Questa volta Lugorio, che peraltro non era stato interrogato, non consentì allo schiavo di rubargli la scena nel fornire una possibile spiegazione: «È un rito celtico, domine. Questi tre sono stati sacrificati».
Per Valerio il fatto era molto allarmante. Da tempo, in tutta la Gallia settentrionale, correva voce che alcune bande bagaudiche avessero richiamato in vita ancestrali riti sacrificali di origine celtica, ma era la prima volta che si aveva certezza che ciò fosse avvenuto nelle vicinanze di Vicus Beda, e per di più in un’area di sua appartenenza.

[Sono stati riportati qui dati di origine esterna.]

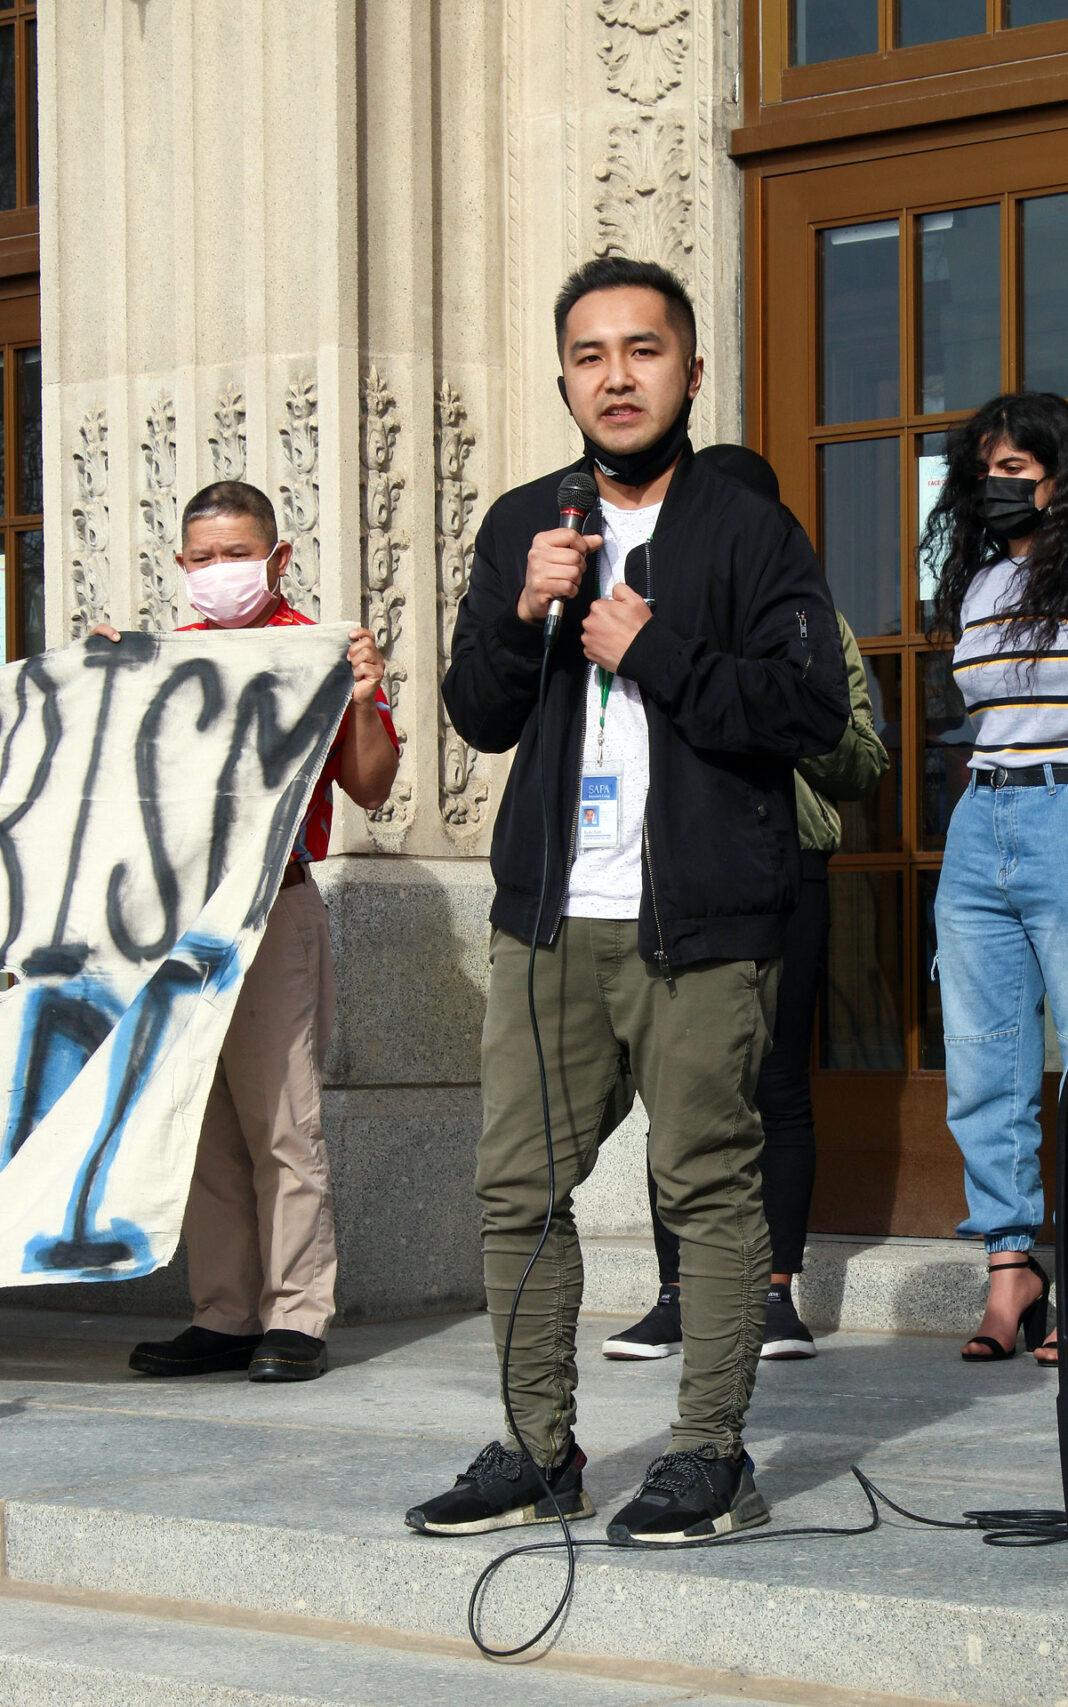 Ricky Panh speaking at vigil

Tornando a piegarsi su uno dei cadaveri, Calidiano lo spazzò con l’orlo del mantello dal lerciume che lo insozzava. Per alcuni secondi si concentrò di nuovo in una scrupolosa osservazione di quel corpo, quindi ne sollevò di poco un braccio e richiamò l’attenzione di Valerio: «Guarda, comandante: questo era un legionario! E della Prima Minervia!».
La Minerva tatuata sulla spalla del morto costituiva un indizio più che eloquente, ma la conferma la ebbero riscontrando anche sulle braccia degli altri due un tatuaggio identico; uno, anzi, era integrato dalla scritta Leg. Ima pia fiedelis, che tolse ogni dubbio residuo.
Nel risollevarsi, Calidiano si strofinò l’una con l’altra le mani insudiciate. «Devono essere i tre legionari di Treveri che erano scomparsi il mese scorso. Erano di turno su una torre di guardia a poche miglia da qui.»
«Sì, mi ricordo.»
«Si pensava che avessero disertato, e invece...»
«E invece... eccoli qui.»
Un sospetto si era già accampato nella mente di Valerio, che si rivolse al liberto con durezza: «Gli schiavi che comandi sono alloggiati qui vicino, immagino».
Trascolorando, Lugorio deglutì, nello sguardo un’espressione di allarme. Aprì la bocca per dire qualcosa, salvo subito richiuderla, e infine trovò le parole per rispondergli. «Sì, domine. E io con loro, o... per meglio dire, tu sai che abito con la mia famiglia nella casa vicina al loro dormitorio.» Sotto lo sguardo scettico del suo patronus, si affrettò a precisare: «Ma di notte sono rinchiusi, e di giorno sono sempre sotto la mia sorveglianza e quella dei miei figli. È impossibile che...».
«Potrebbero sapere qualcosa, però.» Nel dir questo, Valerio spostò d’istinto lo sguardo sui due sterratori, pur essendo consapevole che, per aver ritrovato i tre corpi, essi erano, tra i servi, i meno sospettabili.
Muzio, come soprastante alla servitù dei Metroni, era più di ogni altro interessato a chiarire la faccenda. Cogliendo il senso della frase del padrone, ammonì severamente i due schiavi a nome di tutti gli altri: «Se c’è qualcosa che sapete, un indizio, un dubbio, parlate ora, perché domani sarete tutti interrogati da me e dai miei uomini».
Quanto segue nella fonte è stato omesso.